Data records:
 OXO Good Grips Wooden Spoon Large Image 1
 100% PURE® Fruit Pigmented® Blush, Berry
--
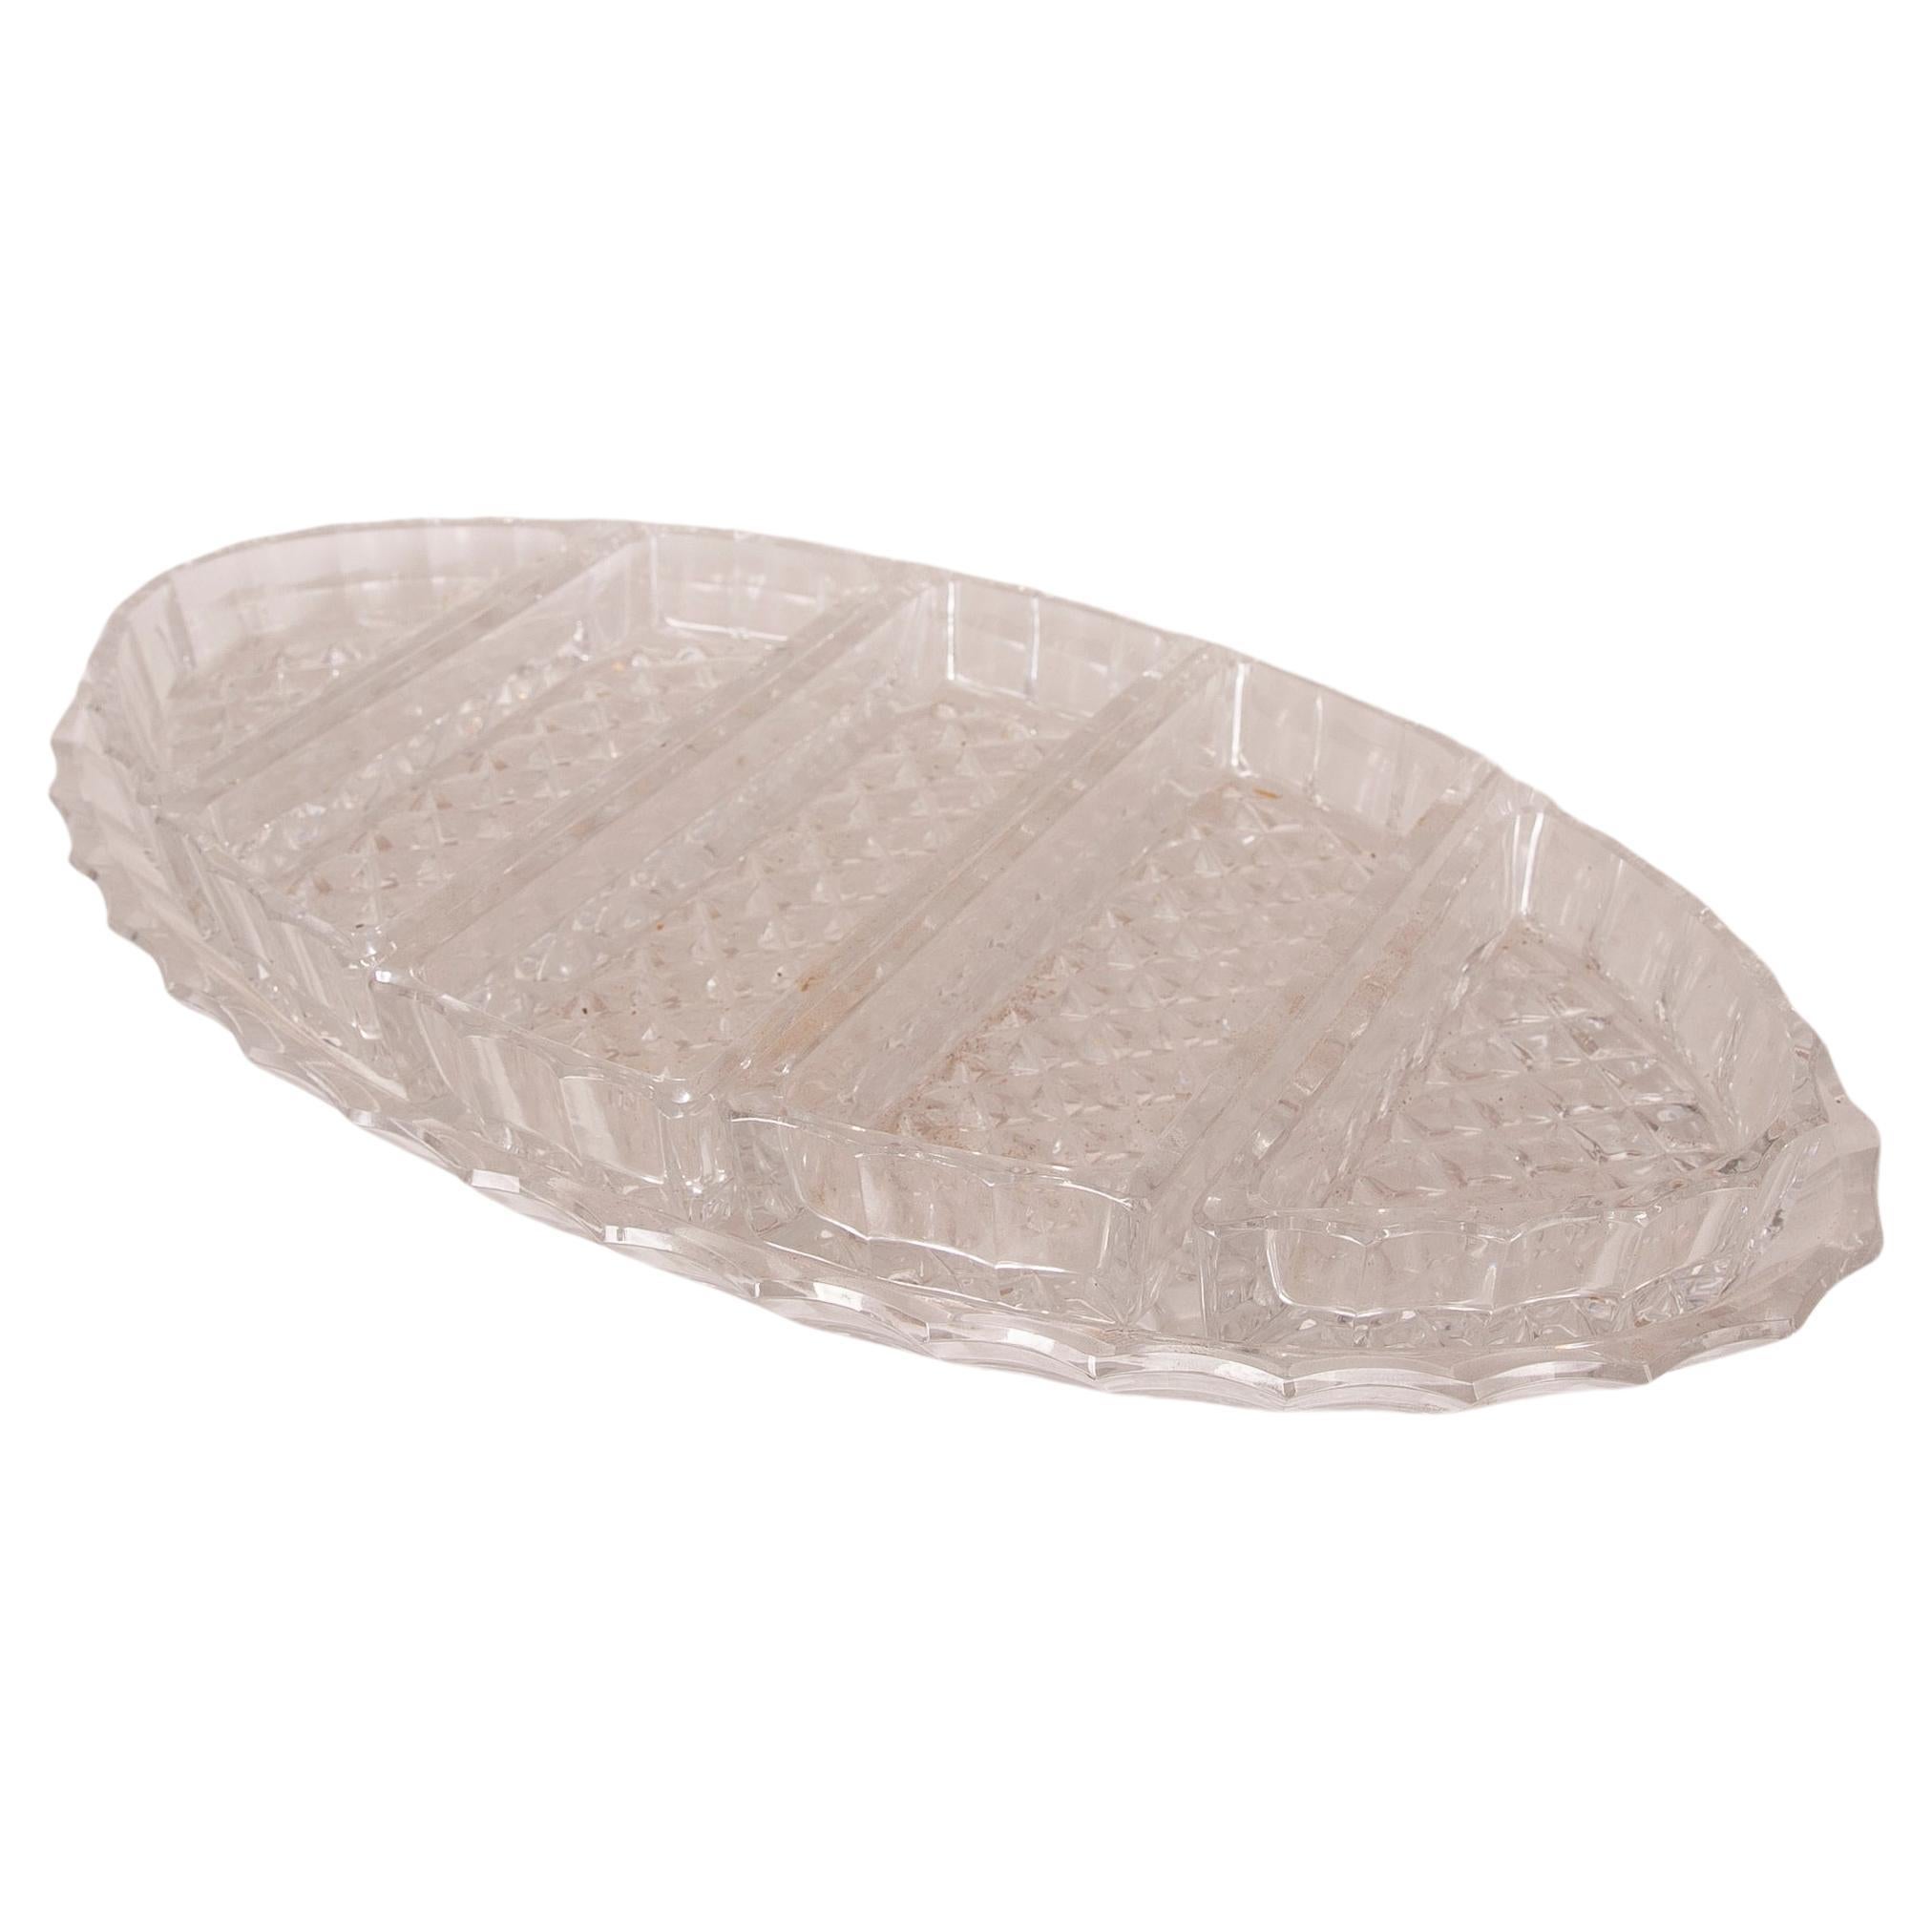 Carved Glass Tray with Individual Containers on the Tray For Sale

Exercise brief: Please, from the material above, copy only the lines from the line with "OXO Good Grips Wooden Spoon Large Image 1" up to and including the line with "100% PURE® Fruit Pigmented® Blush, Berry", exactly as written.

Written answer:
 OXO Good Grips Wooden Spoon Large Image 1
 100% PURE® Fruit Pigmented® Blush, Berry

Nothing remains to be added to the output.